The SS Sultana Disaster & 1200 Half-Forgotten Soldiers
The Tragedies of the Sultana
The SS Sultana’s final tragedy came at 2:00 AM on April 27th, 1865, and cost the lives of at least 1,169 men
Hundreds of pounds of steam pressure, which had battered the steamboat’s brittle boilers for a week, broke free in a skin-frying flash of steam and flames. The explosion tore through the decks above, turning them into shards of wood shrapnel. 2,000 men, hundreds of Indiana soldiers among them, were torn from sleep on the Sultana’s deck, either blasted into the muddy waters of the Mississippi or tossed onto the ship’s upper decks. Countless bodies floundered in the water, some screaming, some silent.
The steamboat, amazingly enough, continued to float. Although three of the four boilers had exploded, the steamboat’s hull remained intact. The tottering remains of the ship’s superstructure framed the gaping hole of the explosion, which still held the ship’s furnace, now yawning wide open. For a moment, there was only splashing and screams and a silent ship.
But the Sultana, which had a maximum capacity of under four hundred men, had held over 2,000. The swaying upper decks crawled with shocked, blinking men and, unsupported by still overladen with bodies, the broken wooden beams of the superstructure toppled forward.
Into the brightly-burning furnace.
Tons of dry wood kindled then roared in flames. In seconds, the Sultana transformed into a floating Hell.
The remaining men burned to death or jumped into the water. They swam in a panic, many injured, most already malnourished and weak from the war. The safety of the Mississippi shore waited a hundred yards away in heavy current. Soldiers grabbed for purchase on anything that floated by, including each other. In minutes, the cold waters of the Mississippi drained the warmth and strength from the men’s bodies. Facing these compounding hardships, many men simply gave up and sank into the opaque murk of the Mississippi.

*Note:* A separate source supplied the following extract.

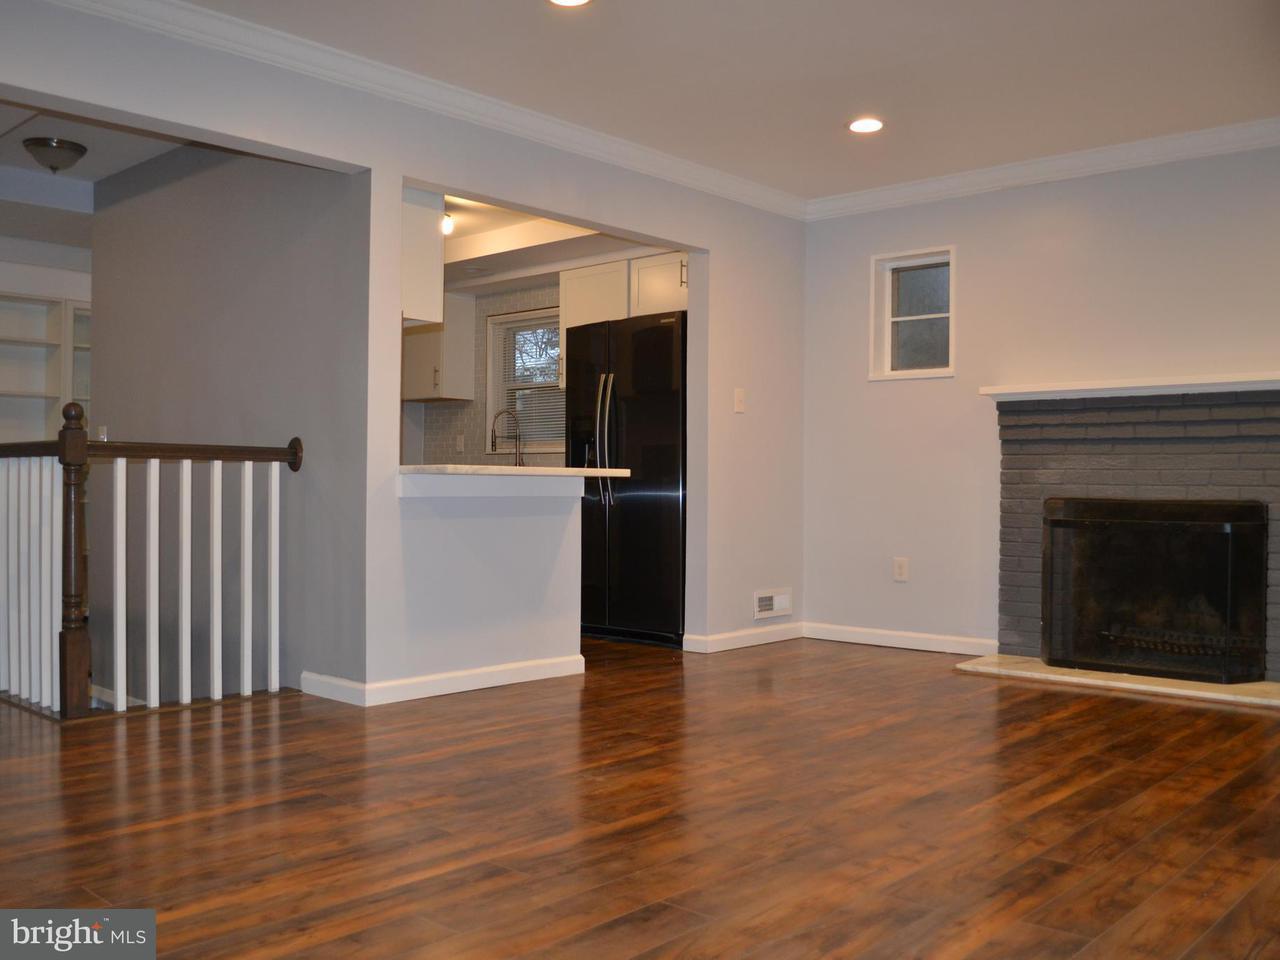 Additional photo for property listing at 3721 Richard Avenue 3721 Richard Avenue Fairfax, 버지니아 22031 미국

Help came an hour later, when another steamship traveling downstream saw the still-burning wreckage and started fishing soldiers and crew from the water. In nearby Memphis, survivors strong enough to tread water or grip flotsam began streaming past the waterfront, yelling for help. Soon every boat able to fight the Mississippi’s waters came to the site of the Sultana explosion, rescuing as many men as possible.
A Tragedy of Envy
The SS Sultana remains a half-told tale in American history, and much of that blame can fall without question onto the shoulders of John Wilkes Booth.
A popular actor in his day, the young and handsome John Wilkes Booth presented himself as a case study in misplaced anger and envy. Although a significant theatre draw in his own right, he never received the attention or acclaim of his older brother, Edwin Thomas Booth, who had earned a reputation as the greatest American theatrical actor ever. John Wilkes Booth came from a family of lauded thespians, with his elder brother Edwin the shining star. Booth came to the profession striving to exceed even his brother’s fame, but fell short.
Relying more on his good looks than great talent, John Wilkes Booth became a kind of pop star of the theatre. This was certainly an achievement in its own right, but for the envious John, that wasn’t enough. He was an angry young man, and his confused anger (and near obsession with Shakespeare’s Julius Caesar) searched for and found a target…in Abraham Lincoln.
An early believer in the Lost Cause Myth, Booth saw Lincoln as Caesar and the Southern populace as Brutus. The former a tyrant and the latter a noble hero. Booth attended and enjoyed the hanging of abolitionist John Brown, and his hatred of Lincoln was no secret. Booth even went so far as to single Lincoln out during a performance by shaking his finger at the president. A gesture which Lincoln noticed.
With the Union victory and Lincoln’s reelection both assured, Booth’s obsession festered. He withdrew from profitable business ventures. His acting suffered. He established a circle of conspirators who plotted (then abandoned) a plan to kidnap Lincoln. Kidnapping changed to assassination when Lincoln announced his support for African-American voting rights.
Planning carefully with his conspirators, no doubt half-reenacting Shakespeare’s Caesar in the back of his mind, Booth concocted an ambitious plan to kill not just Lincoln, but Lincoln, Vice President Andrew Johnson and Secretary of State Seward in a single night. Only one attempt would succeed.
On April 14th, 1865, while the SS Sultana chugged on its way to Cairo, Illinois, to pick up the swarm of Union troops, Booth crept into an unguarded theatre box, cocked his .41 Derringer pistol and forever changed history. It was the only time a single pistol would drown out the explosion of three steamship boilers.
In the war-torn United States, with telegraph systems in poor repair, especially in the South, news traveled slowly. Captain James Cass Mason, the captain of the SS Sultana, invested in a stack of newspapers announcing Lincoln’s assassination, and planned on distributing them as he made his way to Louisiana (given the captain’s character, no doubt for a profit).
Even after the Sultana exploded, news of Booth’s deed, escape and subsequent chase by the American military dominated the headlines. Booth himself was shot and killed the day before the Sultana’s explosion, denying the disaster a prominent position in newspaper headlines. That sentiment of treating the explosion as an afterthought lasts even until today.